My build is "restore zdb -l block-device"
7117902d92b9e35663f12c67be2cfdbc3e376b30
On my raidz setup (3x2Tb) with dedup=on over dm-crypt I get this:

dd if=/dev/frandom of=/zfs/test.bin bs=1M count=1000
1000+0 records in
1000+0 records out
1048576000 bytes (1.0 GB) copied, 138.079 s, 7.6 MB/s

With dedup=off the result is this

dd if=/dev/frandom of=/zfs/test.bin bs=1M count=1000
1000+0 records in
1000+0 records out
1048576000 bytes (1.0 GB) copied, 11.0236 s, 95.1 MB/s

My /dev/frandom device produce random bits at 223 MB/s. My system is
debian sid, E5200, 3Gb Ram

dd if=/dev/frandom of=/dev/null bs=1M count=1000
1000+0 records in
1000+0 records out
1048576000 bytes (1.0 GB) copied, 4.70152 s, 223 MB/s

My zfsrc is at defaults. What is your performance with
dedup={on,sha256,verify} ?
Later I'll detailed post bonnie++ and iostat results.

Emmanuel Anne

unread,
Apr 13, 2010, 5:55:52 AM4/13/10
to zfs-...@googlegroups.com
With dedup=verify it would be even slower !
It's not extremely surprising. Dedup performance is directly dependant on the number of cores + the power of your cpu (and the ram available). But even with a super system you would still be slower than with dedup=off.

Don't know about the real performance numbers though.

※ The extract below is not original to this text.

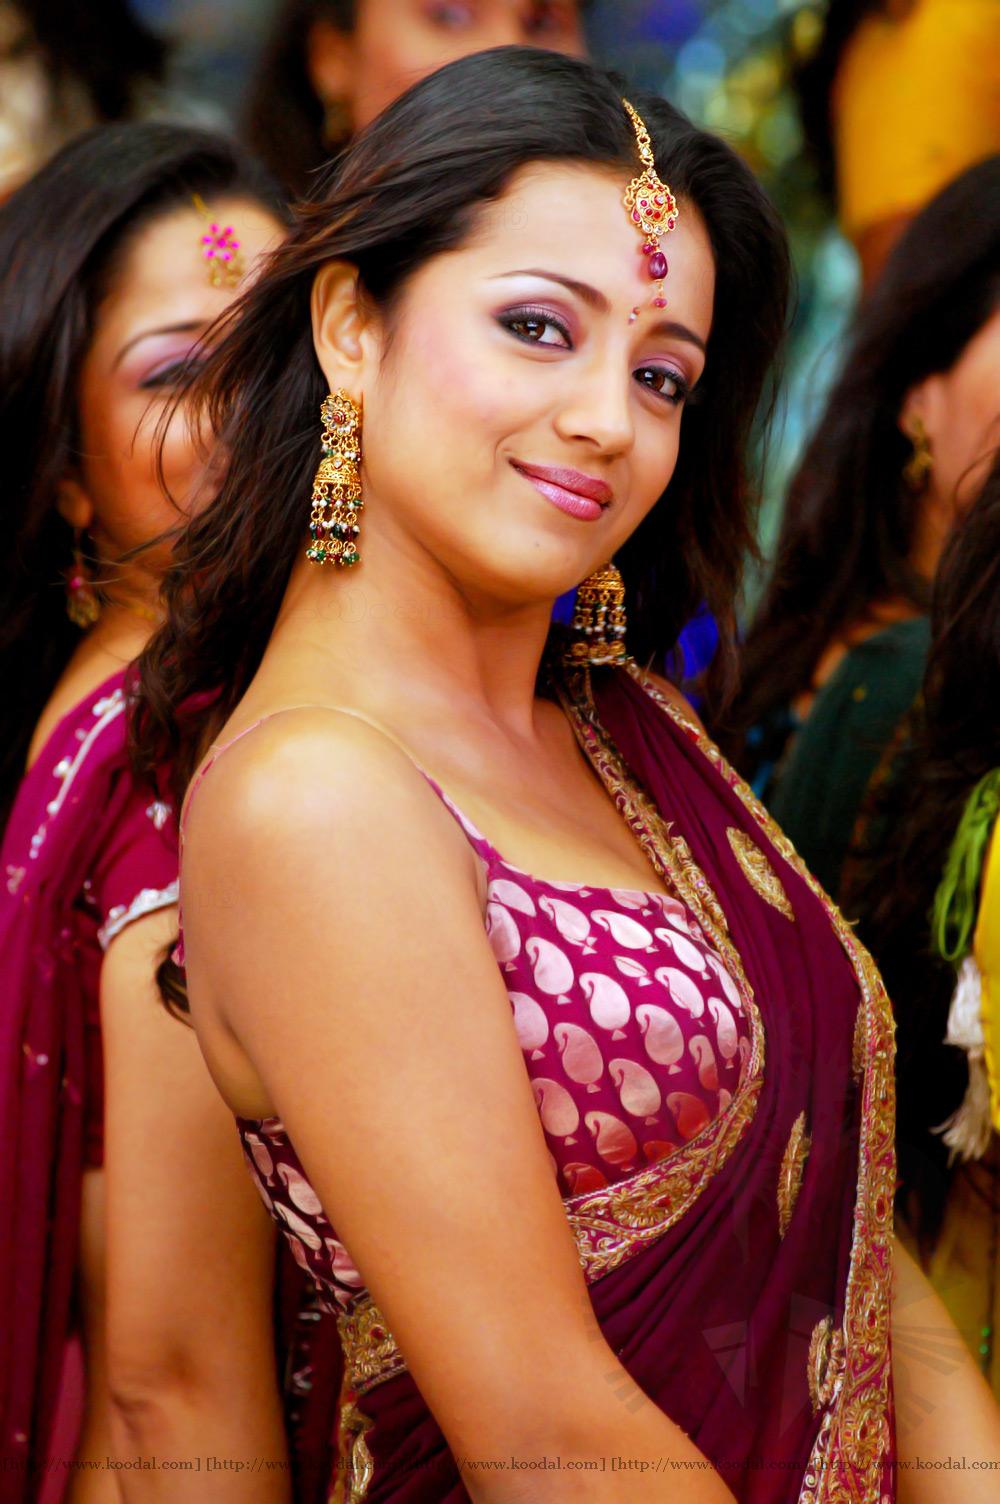 Trisha Tamil Actress|Tamil Actress Trisha - South Indian Actress Model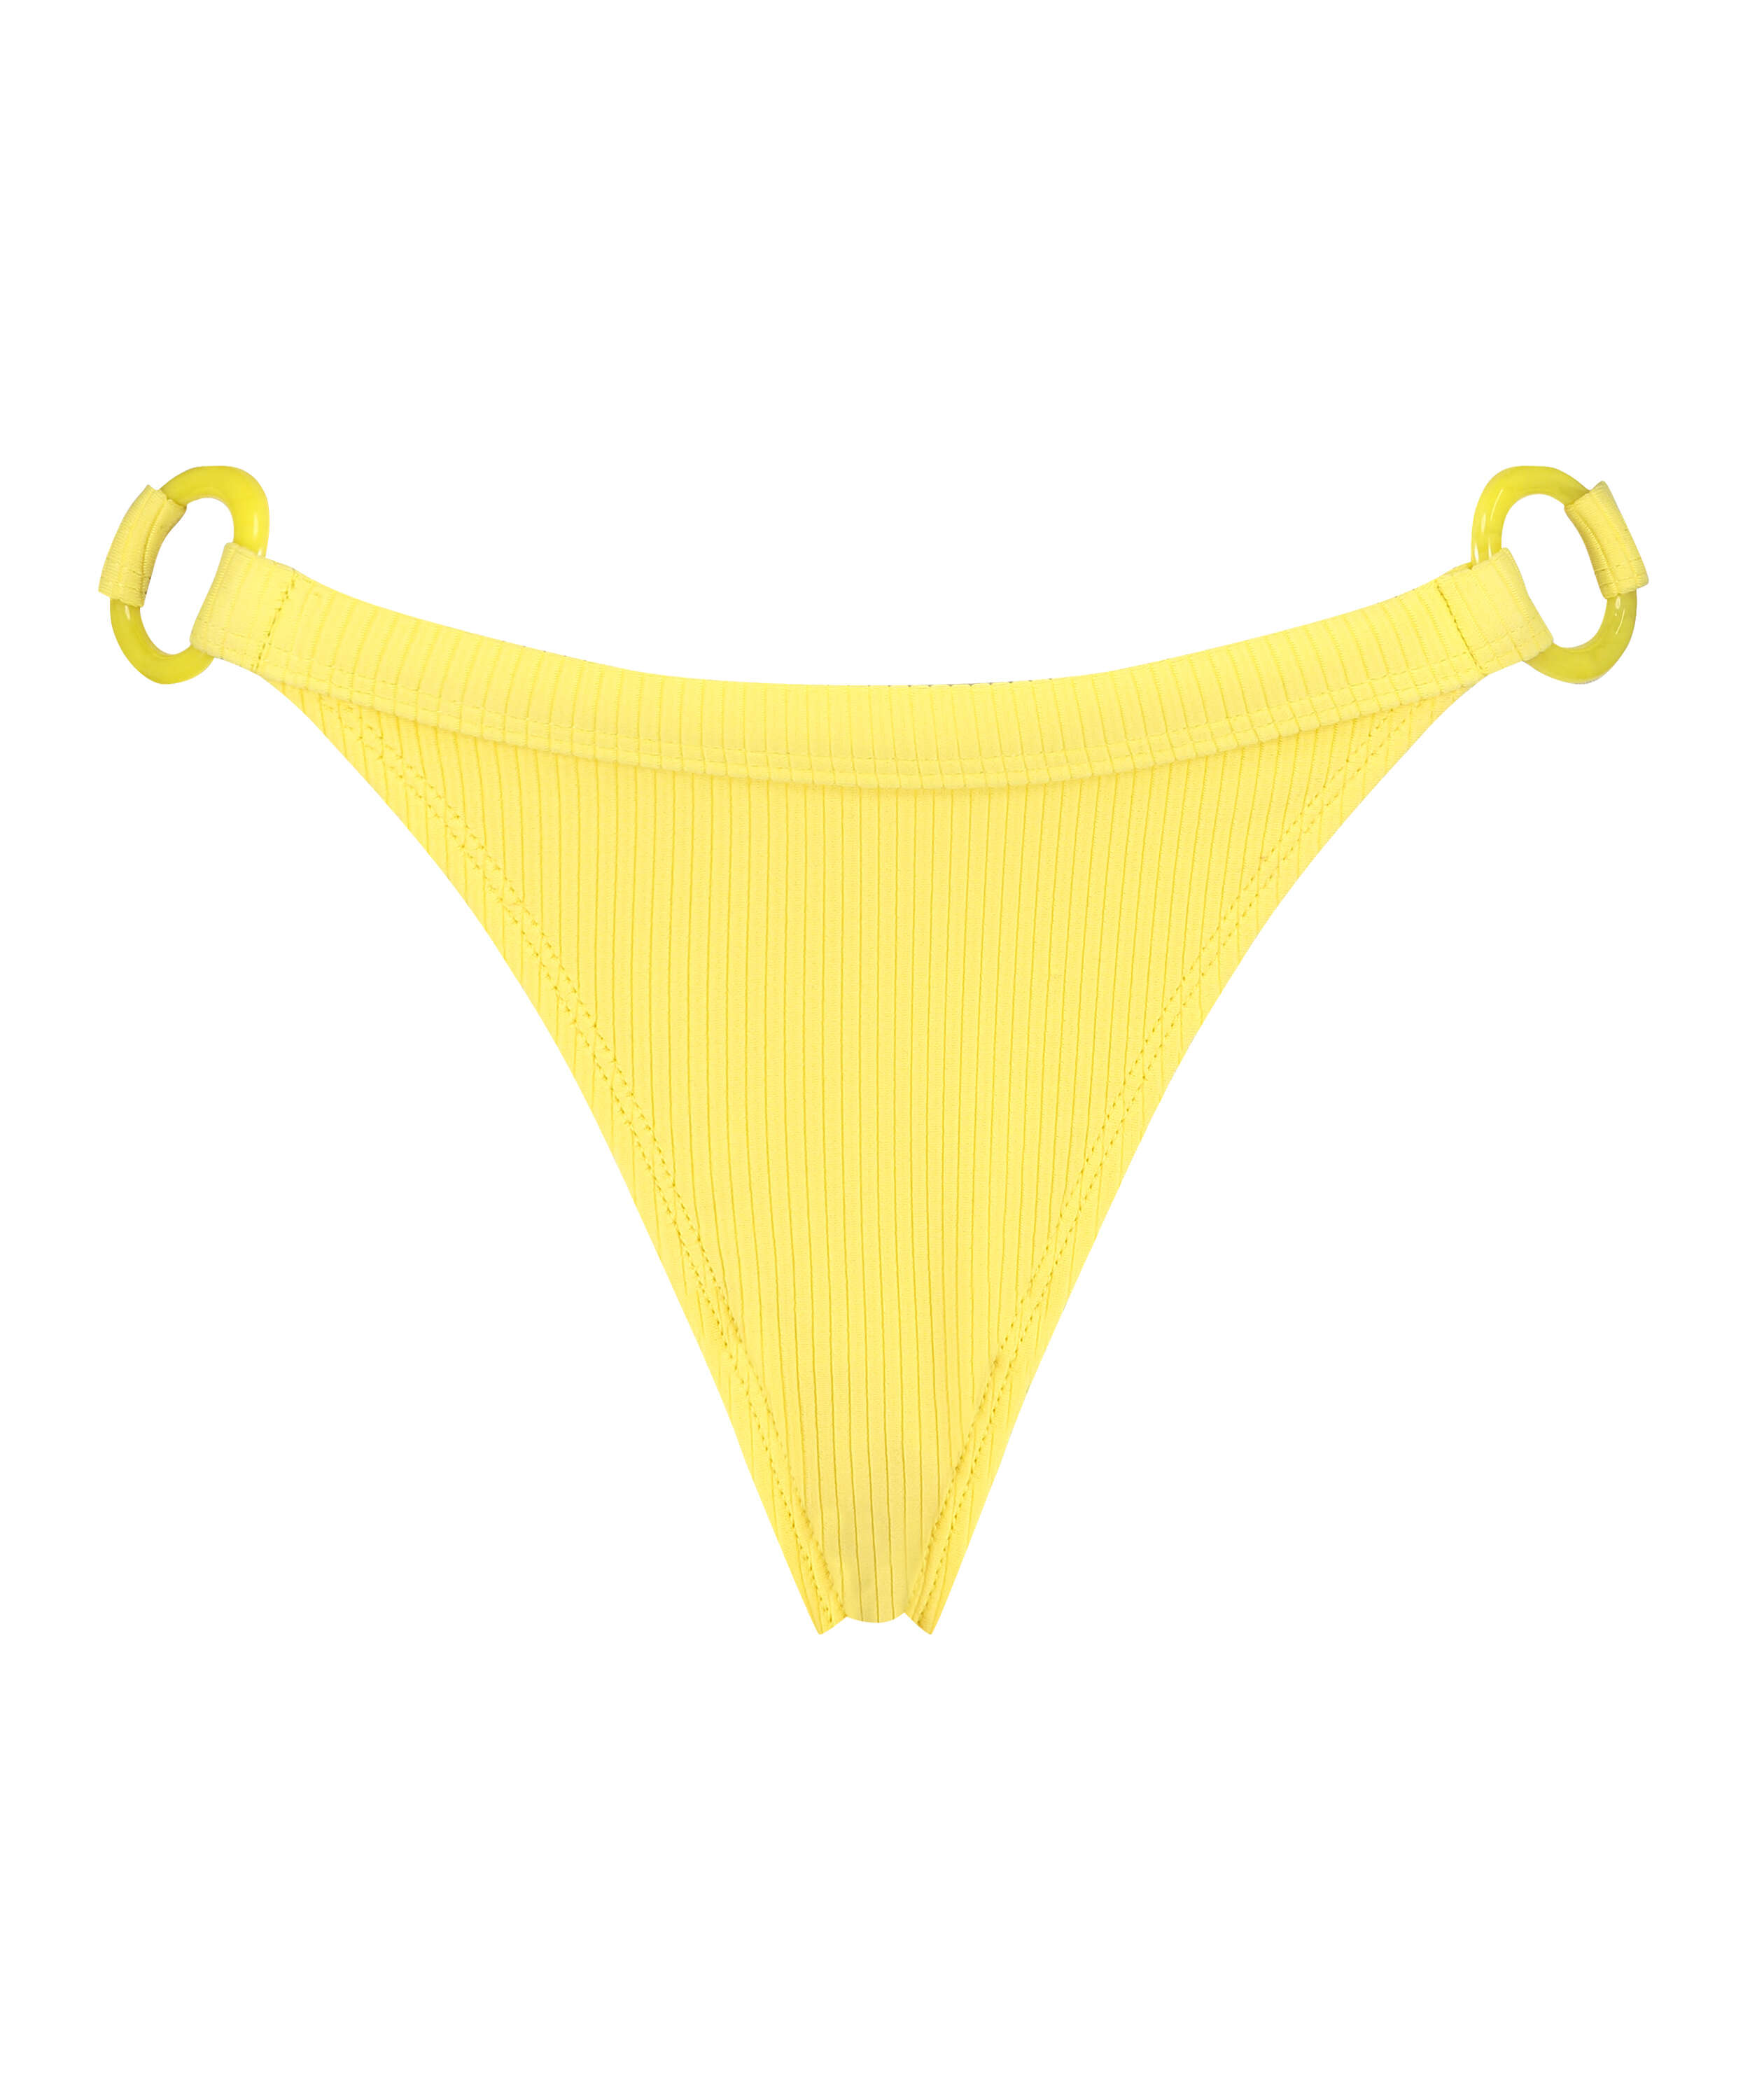 High-cut bikini bottoms Lana, Yellow, main

If someone has some time to loose in running some benchmark program (bonnie, iostat...), it would be interesting to have a comparison of :
 - no zfsrc at all, no special command line
 - default zfsrc as it is currently in my git
 - very latest git from yesterday with patch for default_permissions + command line -a 3600 -e 3600 -o default_permissions
 - and eventually the fastest of the above with dedup=on

2010/4/13 vvatashki <vvat...@gmail.com>

--
To post to this group, send email to zfs-...@googlegroups.com
To visit our Web site, click on http://zfs-fuse.net/

To unsubscribe, reply using "remove me" as the subject.



--
zfs-fuse git repository : http://rainemu.swishparty.co.uk/cgi-bin/gitweb.cgi?p=zfs;a=summary

Fajar A. Nugraha

unread,
Apr 13, 2010, 6:08:54 AM4/13/10
to zfs-...@googlegroups.com
On Tue, Apr 13, 2010 at 4:55 PM, Emmanuel Anne <emmanu...@gmail.com> wrote:
> With dedup=verify it would be even slower !
> It's not extremely surprising. Dedup performance is directly dependant on
> the number of cores + the power of your cpu (and the ram available). But
> even with a super system you would still be slower than with dedup=off.
>
> Don't know about the real performance numbers though.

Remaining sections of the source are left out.